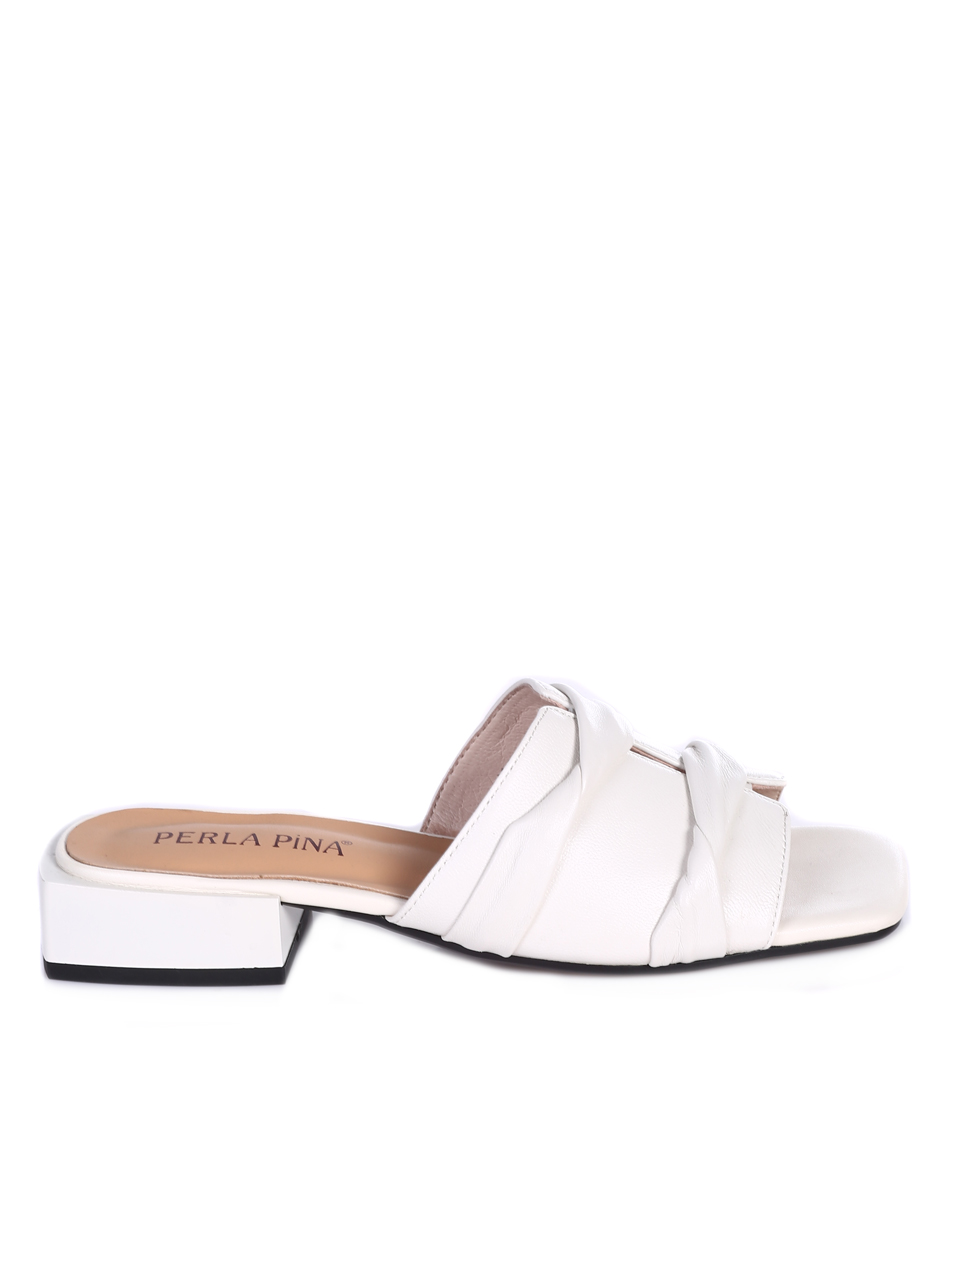 Eжедневни дамски чехли от естествена кожа  в бяло T27-2 white S
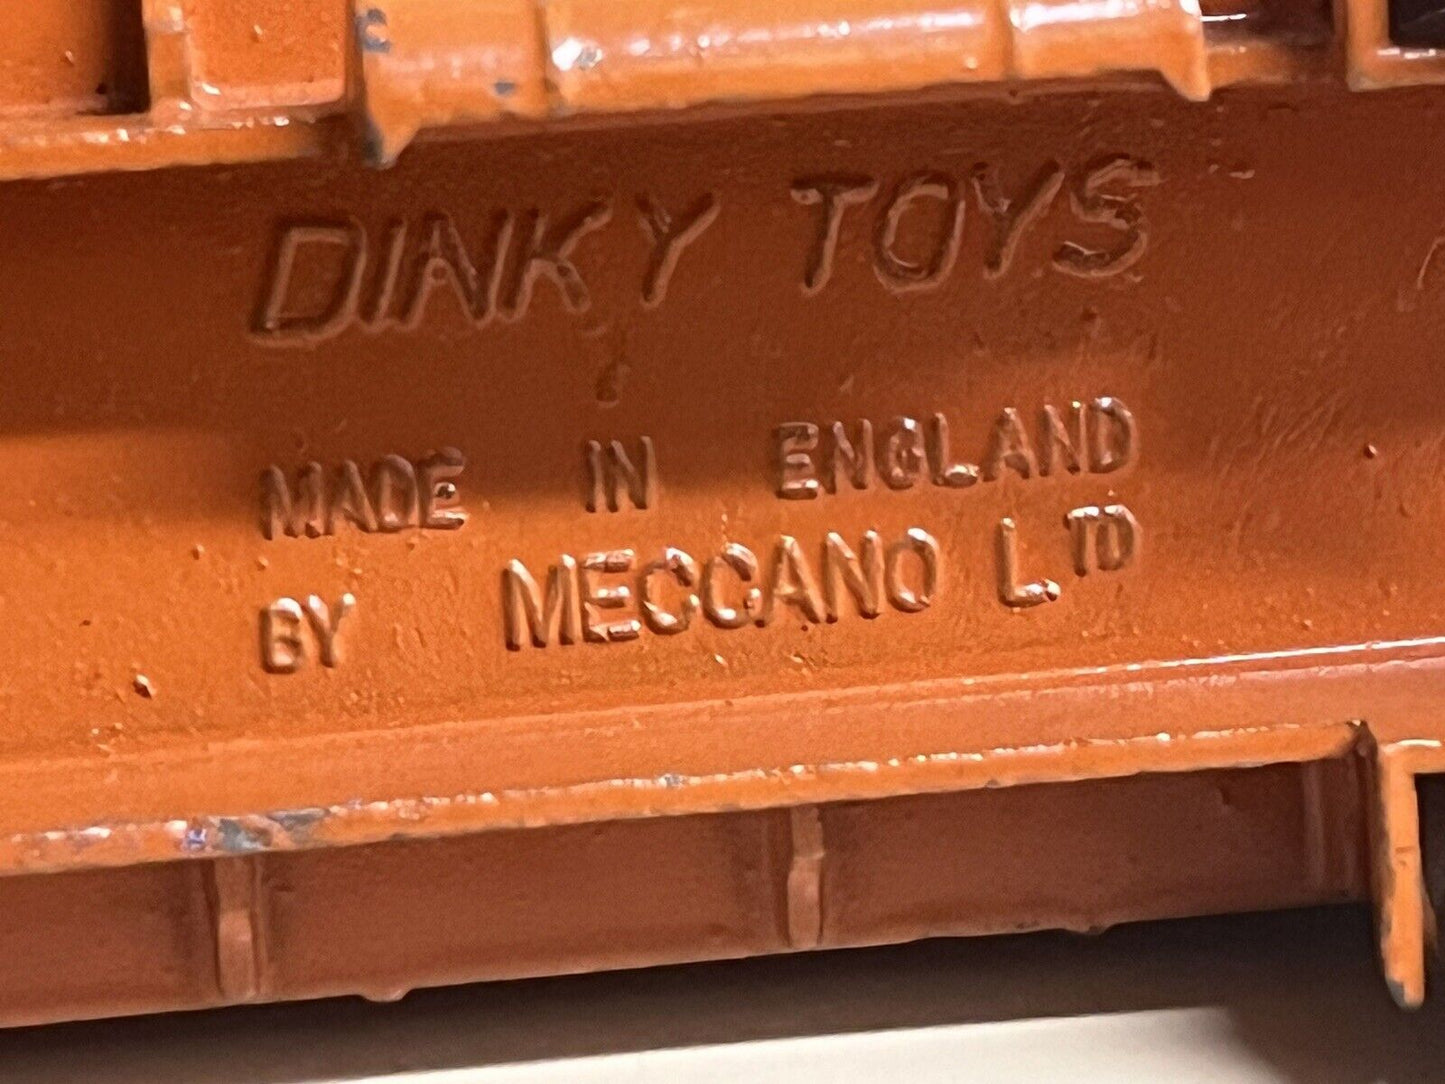 Dinky Toy Car
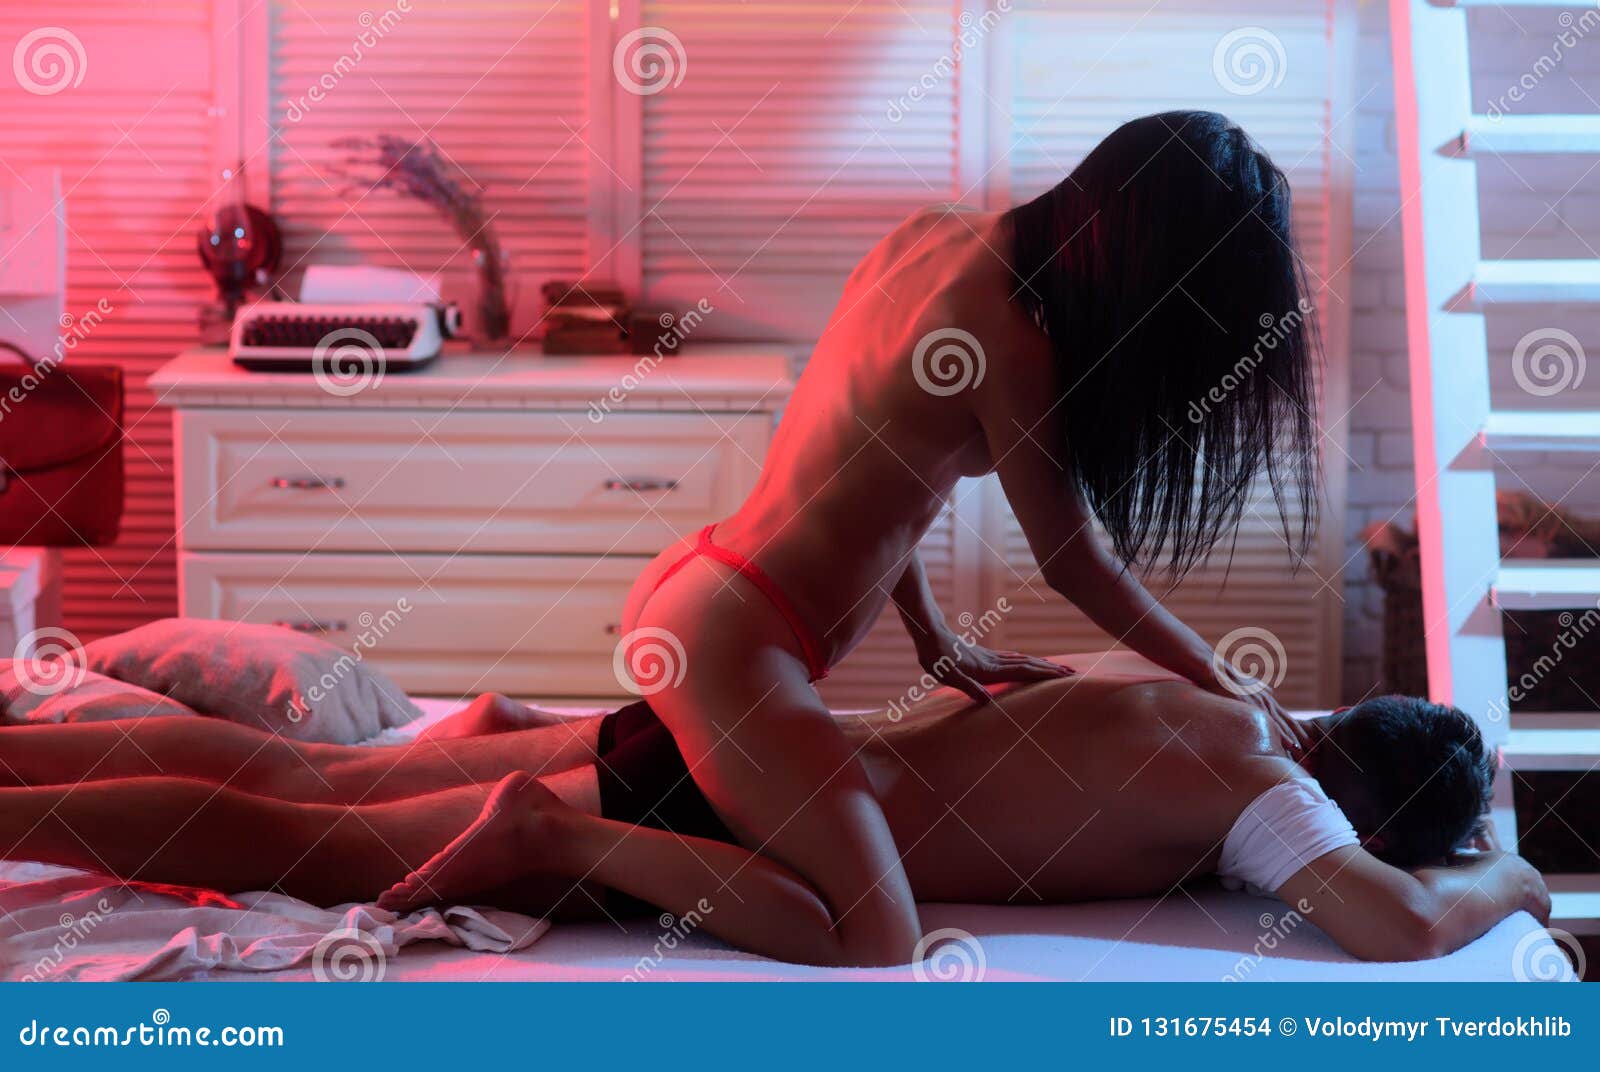 Women Massage Sex
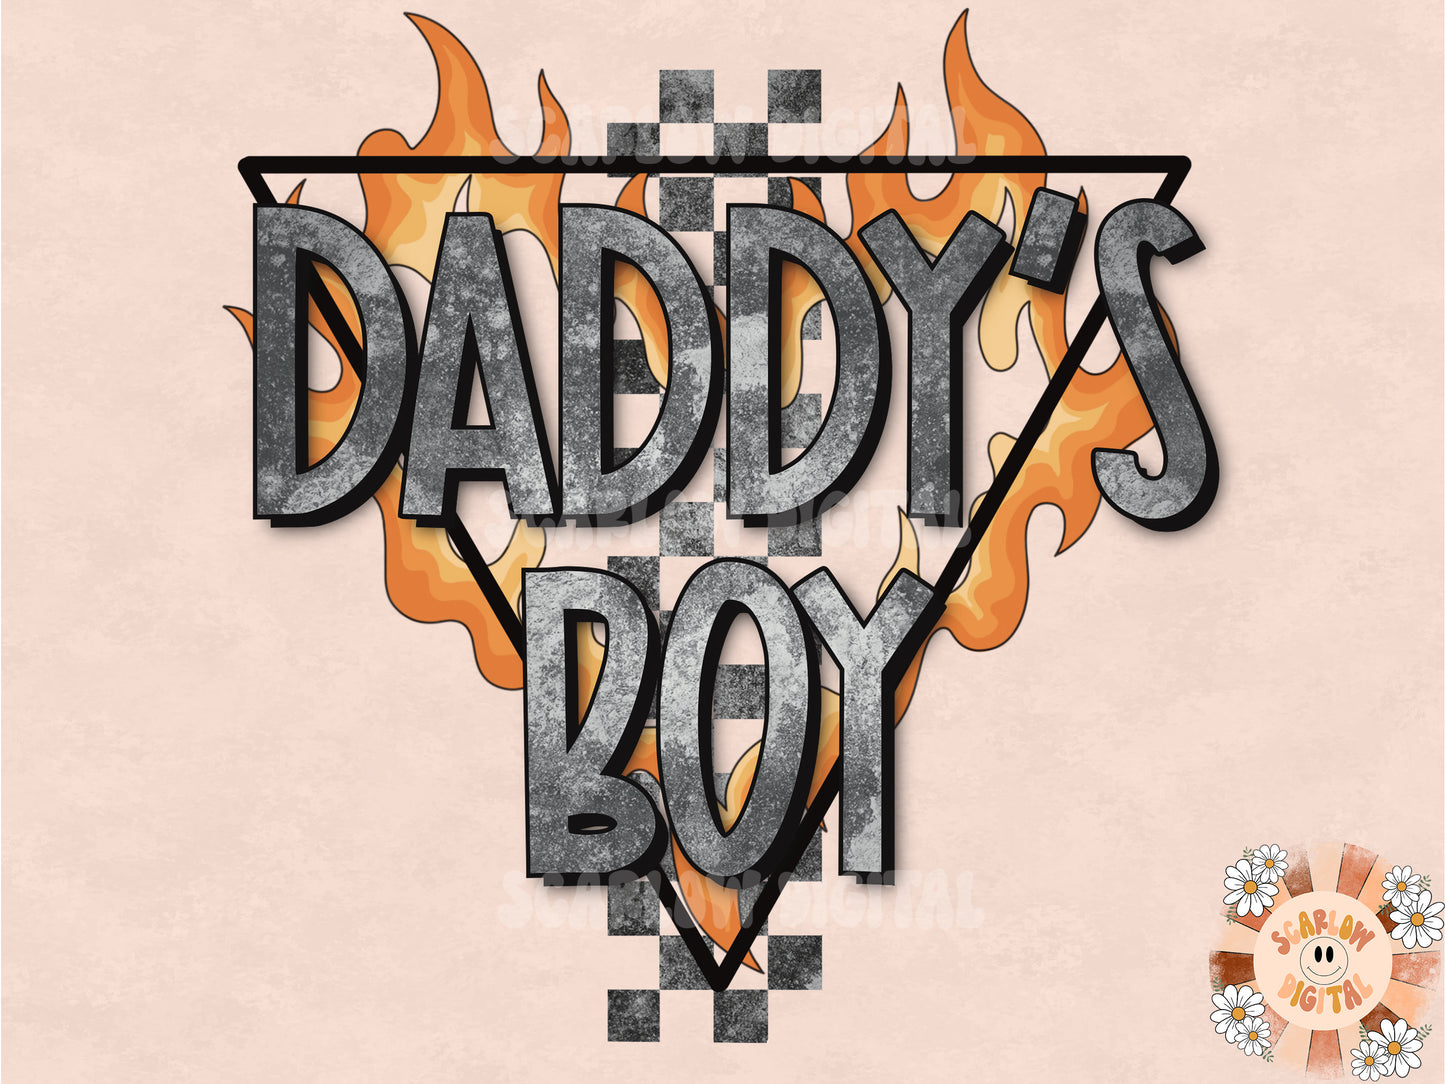 Daddys Boy PNG-Skateboard Sublimation Digital Design Download-little boy png, boy sublimation, rocker boy png, edgy png, smiling png design
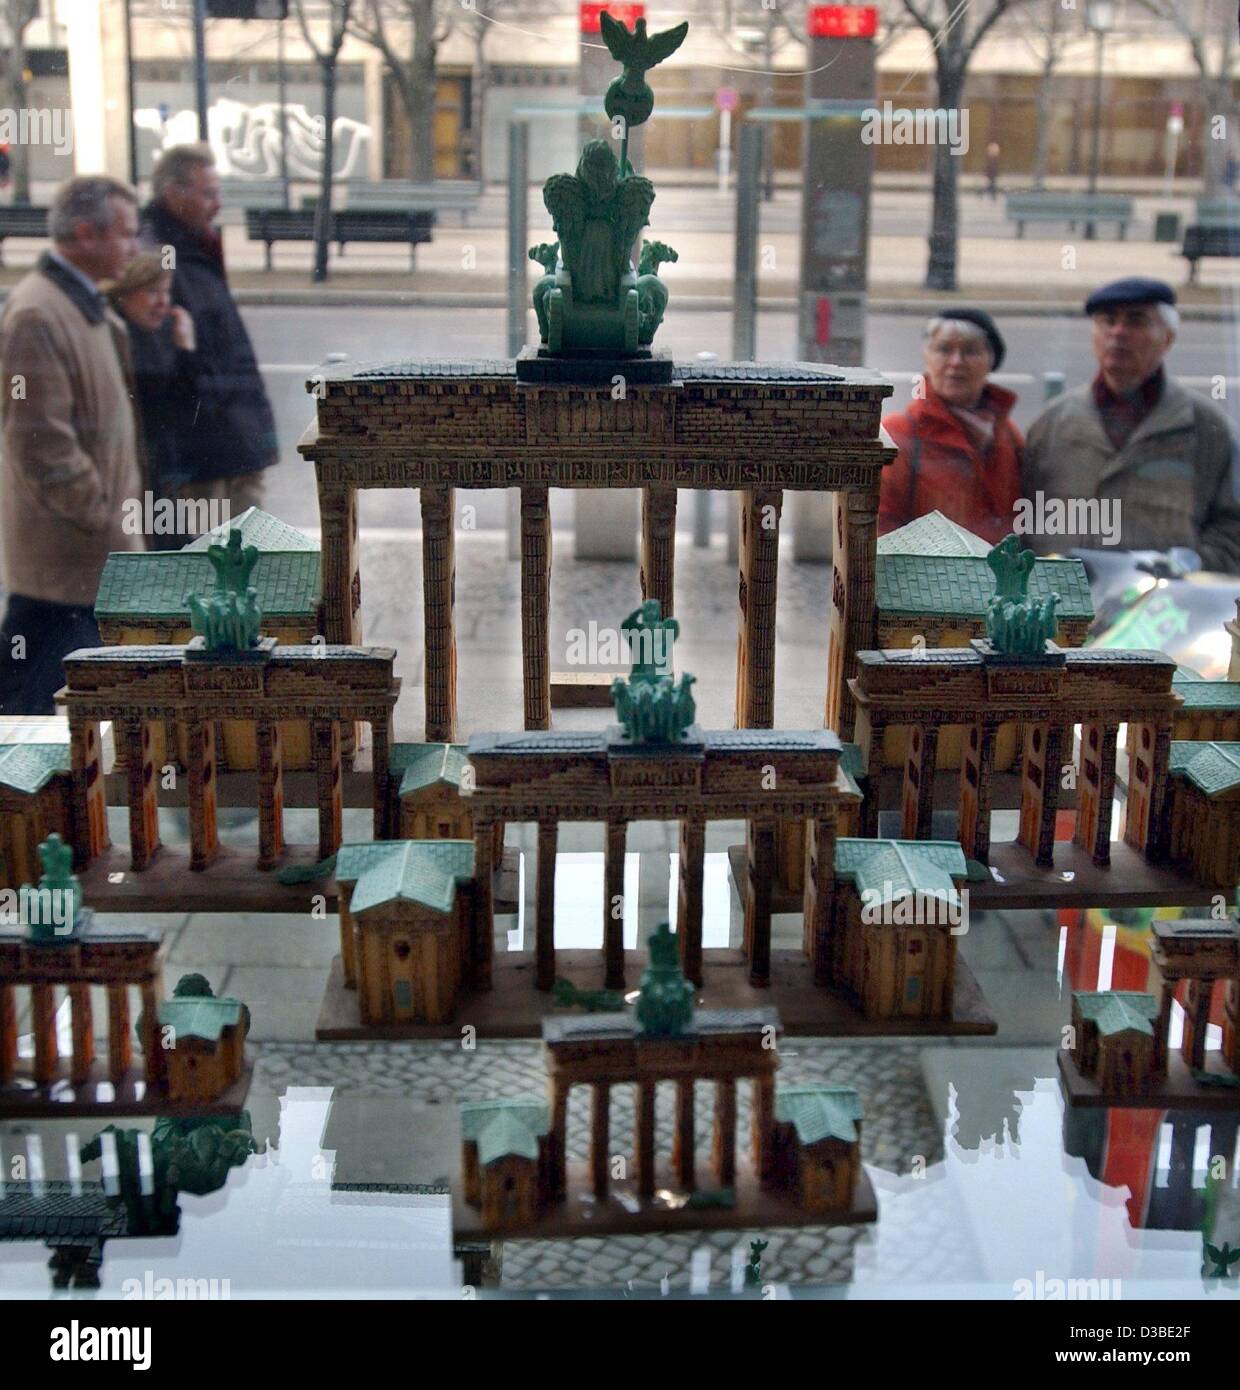 (Dpa) - i passanti da guardare a miniature della Porta di Brandeburgo esposti nel negozio del Bundestag tedesco sulla via dello shopping "Unter den Linden" (sotto i tigli), Berlino, 21 gennaio 2003. Il negozio di vendita di souvenir del Bundestag e di Berlino per i turisti. Foto Stock

******************************

Write out the entries again word for word. Do not include the pictures.

 Eжедневни дамски чехли от естествена кожа  в бяло T27-2 white S
 Dinky Toy Car
 Women Massage Sex
 Daddys Boy PNG-Skateboard Sublimation Digital Design Download-little boy png, boy sublimation, rocker boy png, edgy png, smiling png design
 (Dpa) - i passanti da guardare a miniature della Porta di Brandeburgo esposti nel negozio del Bundestag tedesco sulla via dello shopping "Unter den Linden" (sotto i tigli), Berlino, 21 gennaio 2003. Il negozio di vendita di souvenir del Bundestag e di Berlino per i turisti. Foto Stock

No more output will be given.